Agilent Technologies vs Revvity: Company Comparison
Table of contents

Companies Overview

Agilent Technologies and Revvity stand as pivotal players in the medical diagnostics and research industry.

Agilent Technologies, Inc.: Precision Solutions for Life Sciences and Diagnostics

Agilent dominates the life sciences and applied chemical markets with advanced instrumentation and software. Its revenue stems from liquid chromatography, mass spectrometry, and genomics tools. In 2026, Agilent focuses on expanding its CrossLab services, enhancing customer support and operational efficiency across global laboratories.
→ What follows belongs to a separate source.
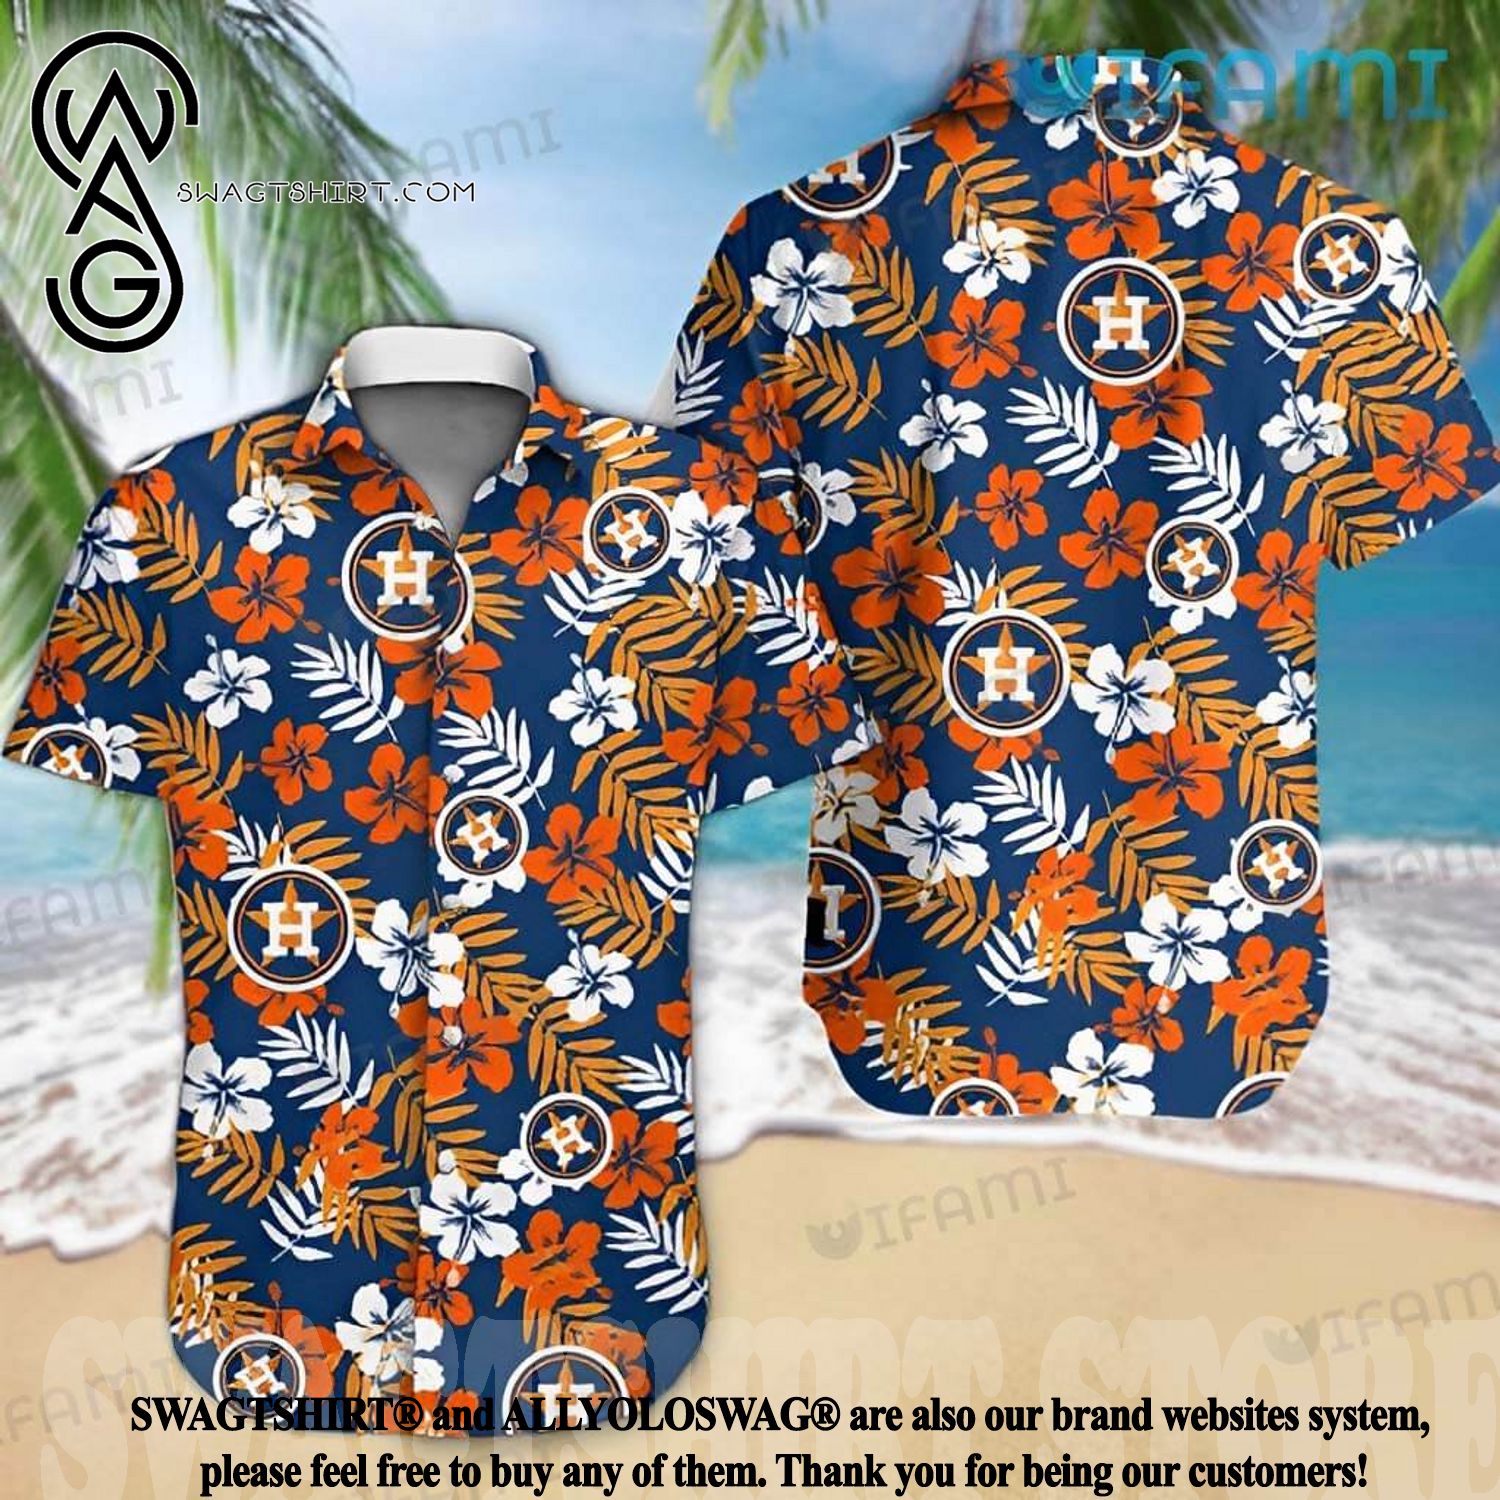 Houston Astros Snoopy Dog Orange Short Sleeves Hawaiian Shirt - Banantees

Revvity, Inc.: Innovating Diagnostics and Analytical Solutions

Revvity specializes in diagnostics and discovery solutions for life sciences and applied services. Its core revenue comes from instruments, reagents, and software facilitating genetic disorder detection and environmental analysis. In 2026, Revvity drives growth by advancing genomic workflows and expanding its presence in oncology and immunodiagnostics markets.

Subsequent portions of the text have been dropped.